Saved entries:
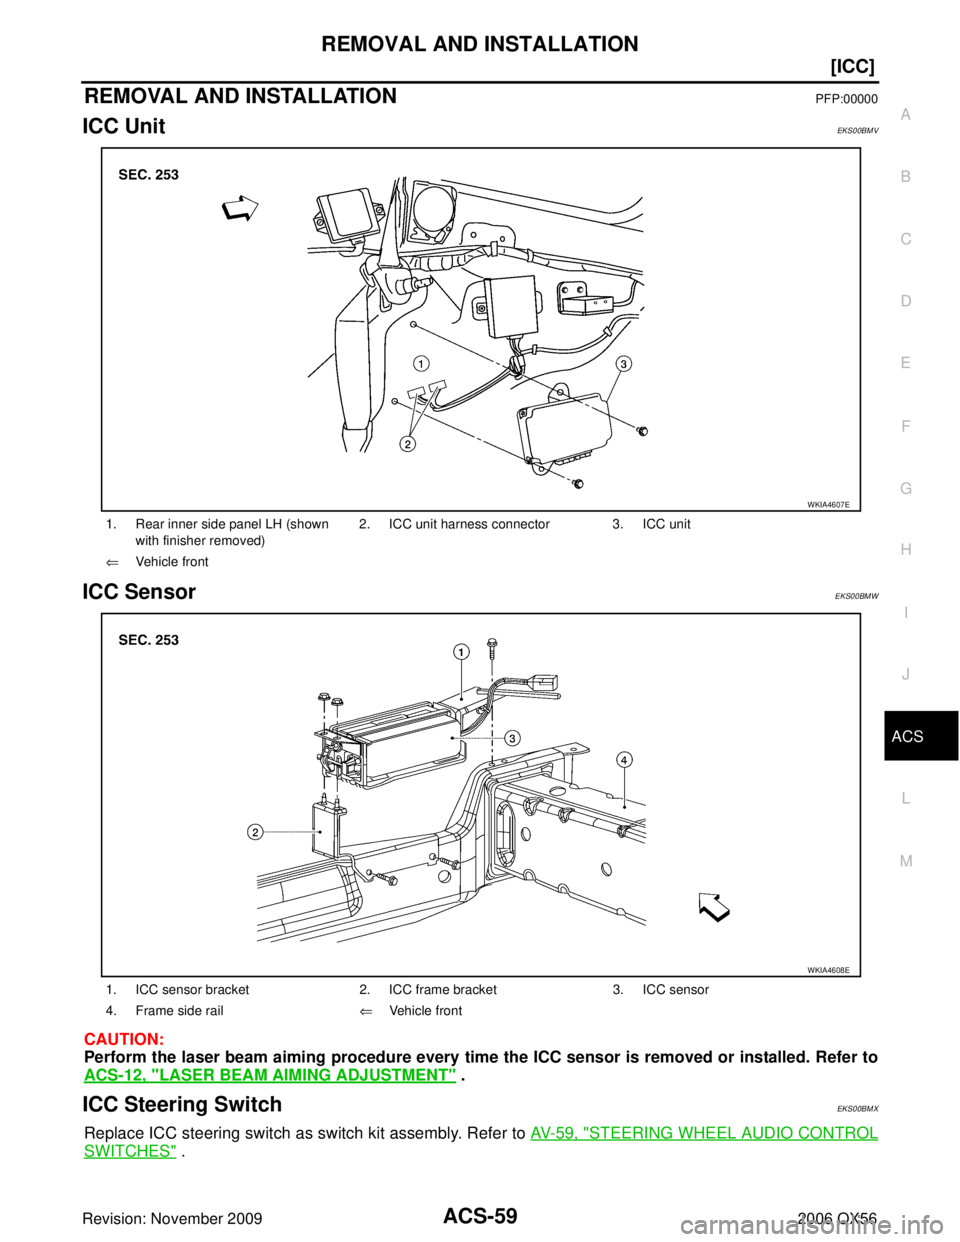 INFINITI QX56 2006  Factory Service Manual REMOVAL AND INSTALLATIONACS-59
[ICC]
C
DE
F
G H
I
J
L
M A
B
ACS
Revision: November 2009 2006 QX56
REMOVAL AND INSTALLATIONPFP:00000
ICC UnitEKS00BMV
ICC SensorEKS00BMW
CAUTION:
Perform the laser beam

Instructions for the task: Print the records above verbatim, pictures excluded.

Solution to the problem:
 INFINITI QX56 2006  Factory Service Manual REMOVAL AND INSTALLATIONACS-59
[ICC]
C
DE
F
G H
I
J
L
M A
B
ACS
Revision: November 2009 2006 QX56
REMOVAL AND INSTALLATIONPFP:00000
ICC UnitEKS00BMV
ICC SensorEKS00BMW
CAUTION:
Perform the laser beam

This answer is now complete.